This car doesn't need a gas tank!

A few points can be concluded from the above code:

①When creating an instance of a subclass, Python first needs to initialize the parent class, super()return the reference of the parent class through the function, and then call the constructor of the parent class, ie super().__init__(参数列表). In Python2, the initialization of the parent class needs to initialize the parent class in the following way:

super(ElectricCar, self).__init__(make, model, year)

In Python3, the parent class can also be initialized in the above way, but the parameters in the function can also be omitted in single inheritance .super()

②The subclass can access all the properties of the parent class, and can also add new properties: my_teslathe object accesses the properties of the parent class, make, model, yearetc., and also adds battery_sizeproperties.

③ Subclass can override the method of the parent class: The ElectricCarclass overrides the method of the Carclass fill_gas_tank().

Two concepts need to be distinguished here: Override and Overload

Overriding, also called overriding, is mainly used in inheritance. When the class in the inheritance relationship has the same method, but the subclass and the superclass have different operations in this method, the subclass rewrites the method to override the method inherited from the superclass. When calling, Python will automatically determine whether the object is a derived class to call the corresponding implementation of the method. It is with rewriting that the feature of polymorphism in object orientation is realized.

Overloading is mainly used for functions (methods). In languages ​​like C/C++, Java, there can be multiple functions with the same name, but the parameter lists must be different, such as the number of parameters and the parameter types. These languages ​​distinguish which one of the functions of the same name is called based on the parameter list. But overloading is not polymorphism! When these languages ​​compile source files, they will generate different function names for the functions of the same name according to the parameter list (the specific method is to add a prefix or suffix), and then replace these functions of the same name in the source code with new function names. Loading is not polymorphic. But there is no such thing as function overloading in Python! Because Python has the artifact of keyword parameters and variable parameters (of course, C++ also has variable-length parameters, which are represented by three dots. I don't know if the underlying implementation of Python's variable parameters is related to C++'s variable-length parameters).

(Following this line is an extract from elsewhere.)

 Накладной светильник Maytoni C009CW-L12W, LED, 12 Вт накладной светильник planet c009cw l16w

But it doesn't matter! It is enough to understand the concepts of rewriting and overloading, and it is enough to know how to use them. It is not important whether these two are related to polymorphism. So far, there is no accurate statement on the relationship between these two and polymorphism on the Internet. When I read C++ books before, I remembered to specifically mention the underlying implementation of overloading (which book I forgot), but the author is ignorant, and I don’t know what happens when rewriting is compiled. Maybe it is also by generating new Function name and replace, if so, overloading can also be considered polymorphic, but this is just the author's guess! Interested partners can study the situation of these two at compile time.

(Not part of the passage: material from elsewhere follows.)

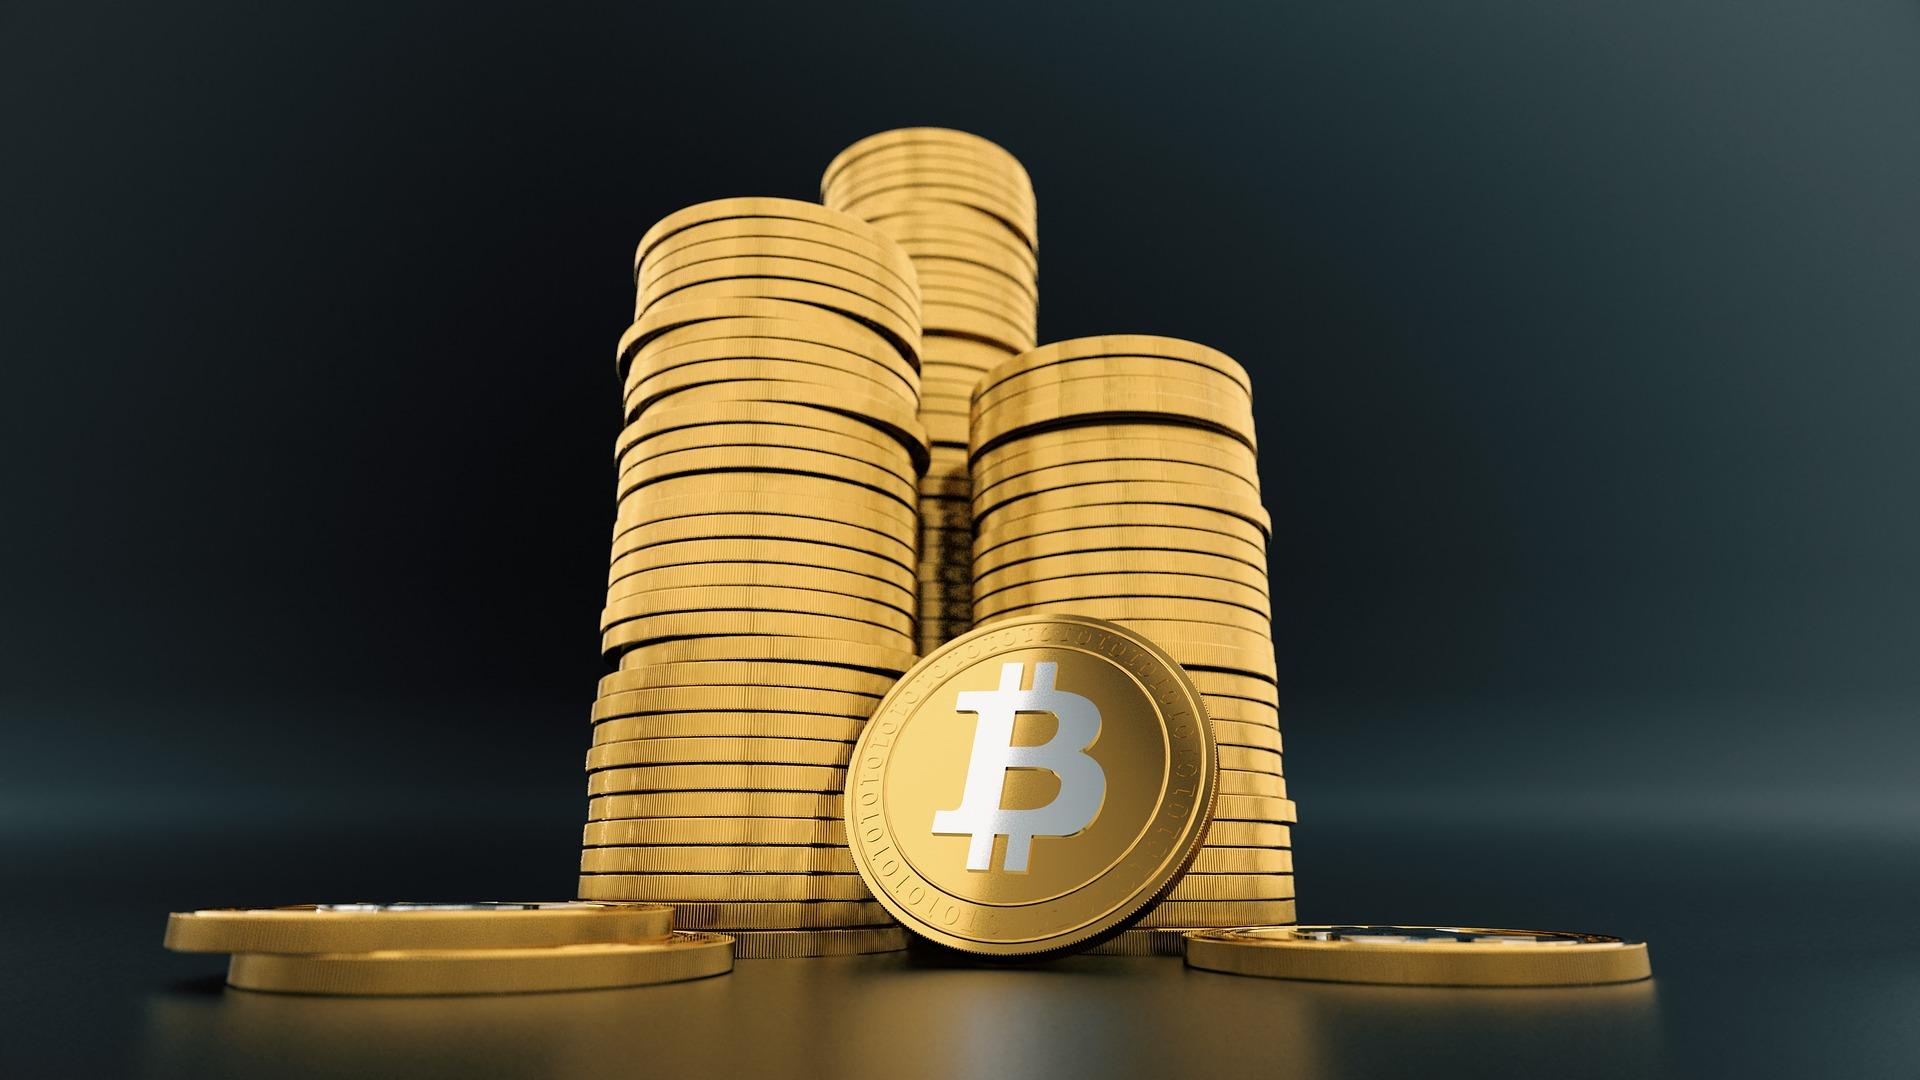 jak wydobywać bitcoiny

The reason why these two are brought up separately is that many people have loaded this concept in their postgraduate entrance exams or job interviews. Especially in the postgraduate entrance examination, the postgraduate re-examination seems to be more inclined to rewrite polymorphism, and overloading is not polymorphic.

use instance as property

When using code to simulate physical objects, as development progresses, there will inevitably be more and more properties and methods of a class, and the code of a single class will become longer and longer. At this time, you can consider whether a part of the code can be extracted separately as a new class. For example ElectricCar, the battery in the previous class can be presented separately as a class.

# 代码:
class Car:
    -- snip --

class Battery:
    """一次模拟电动汽车电池的简单尝试"""

    def __init__(self, battery_size=70):
        """初始化电池的属性"""
        self.battery_size = battery_size

    def describe_battery(self):
        """打印一条描述电池容量的信息"""
        print("This car has a " + str(self.battery_size) + "-kWh battery.")

    def get_range(self):
        """输出电池的续航里程"""
        if self.battery_size == 70:
            miles = 240
        elif self.battery_size == 85:
            miles = 270

        message = "This car can go approximately " + str(miles) + " miles on a full charge."
        print(message)

class ElectricCar(Car):
    def __init__(self, make, model, year):
        super().__init__(make, model, year)
        self.battery = Battery()

my_tesla = ElectricCar("tesla", "model s", 2018)
print(my_tesla.get_descriptive_name())
my_tesla.battery.describe_battery()
my_tesla.battery.get_range()

# 结果:
2018 Tesla Model S
This car has a 70-kWh battery.
This car can go approximately 240 miles on a full charge.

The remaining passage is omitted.